Plus we know now there were multiple exits from Africa, and people returning to Africa carrying Neanderthal genes with them. We outcompeted the Neanderthals, the return of the ice age had a negative effect on them, and their remnants live on in our gene as well as those of our Eastern cousins, the Denisovans. You have species that are inter-fertile mating with each other -- and over a timespan that is hard to get one's head around. Which is why creationists have a hard time understanding where "new types" come from -- it's the enormity of time involved in the process, countless tiny changes over that enormity, a few adding to fitness, most of them detrimental.
Plus we know now there were multiple exits from Africa, and people returning to Africa carrying Neanderthal genes with them. We outcompeted the Neanderthals, the return of the ice age had a negative effect on them, and their remnants live on in our gene as well as those of our Eastern cousins, the Denisovans. You have species that are inter-fertile mating with each other -- and over a timespan that is hard to get one's head around. Which is why creationists have a hard time understanding where "new types" come from -- it's the enormity of time involved in the process, countless tiny changes over that enormity, a few adding to fitness, most of them detrimental.
Actually, one of the most interesting things about DNA research is the fact that Neanderthal is found everywhere in the world, except Africa. So we all come from Africa, moved out, changed in to Neanderthals changed some more and the whole thing is kind of fun.
And because I went to look for this because I just knew this fact as an absolute FACT, I discovered that they used to think that but they don’t think that anymore.
I’ve been hit with that kind of thing a few times this past month. Up to the fact that when I was started on Levoxyl so many years ago I was told I had to stay on Levoxyl forever because you couldn’t change to Synthroid because there would be problems and apparently that isn’t true anymore. Used to be true, not true anymore. That’s kind of why we all have to be open to change.
She also said she knew people that had encountered Sasquatch, that had NO reason to lie about it...
On the other hand, you and others on here do not consider that, in your opinion, someone is always out to make money for themselves or they are misidentifying a known animal, 'someones credibility' is not a factor to you all.
No, she said that she had talked to people who said they had seen a large monkey without a tail. Not the same thing at all.
P.S. She said it could be a spirit animal. This is what Native Americans say about BF. This could explain why no remains have ever been found. (Goodall points that out, too.)
So, her statements are kind of all over the place, and are not in any one "camp".

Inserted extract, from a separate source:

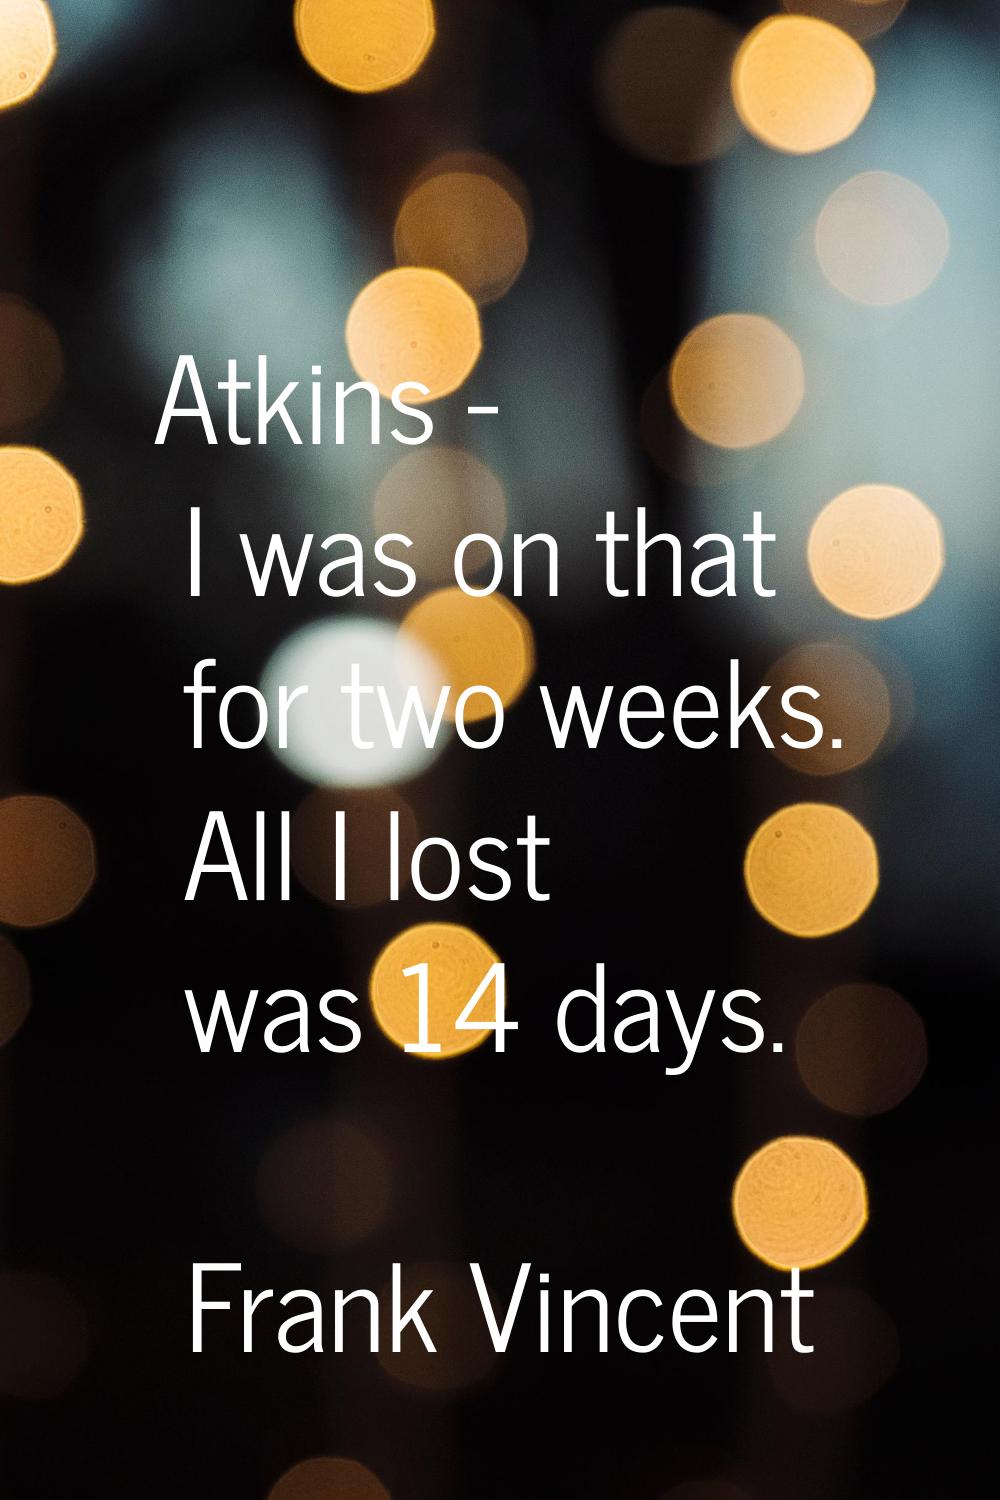 Atkins - I was on that for two weeks. All I lost was 14 days.

She said "Maybe it’s a spiritual creature." No reference to Indian beliefs. In fact, I don't know what she is saying when she says that. People are reporting seeing some kind of spirit? There are animals with spiritual beliefs that lead them to dispose of remains in a way that they have never been discovered? Her statement is so vague that I find it hard to interpret.

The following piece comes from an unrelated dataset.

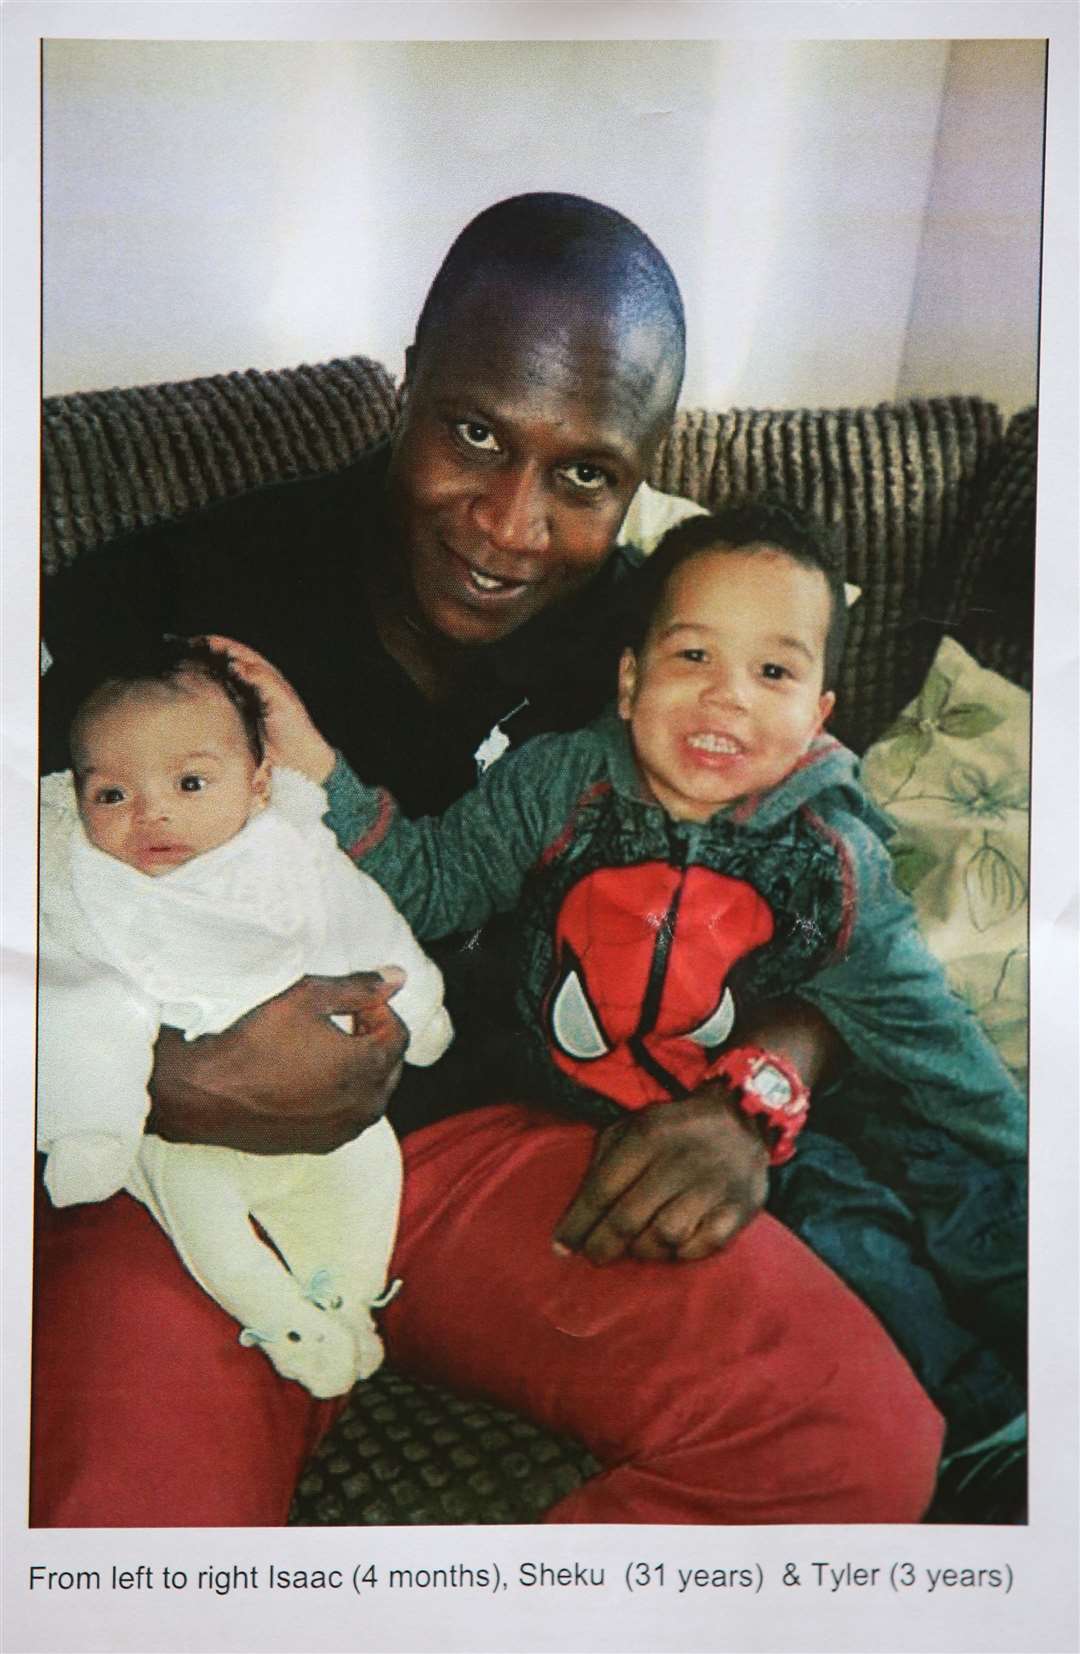 Sheku Bayoh, a father-of-two, died in 2015 after being detained by police in Fife (handout/PA)

Still, my point is that it's irrational to believe in a proposition without sufficient evidence. The combination of a lack of any physical evidence, the inherent unreliability of eyewitness testimony, the bias demonstrated by people who make the claim that these animals exist, and the established facts of faked evidence all make me doubt any supposed evidence that has been put forward.
It doesn't make me assert for a fact that it's impossible that such a creature exists, but enough to make me discount it as a serious likelihood.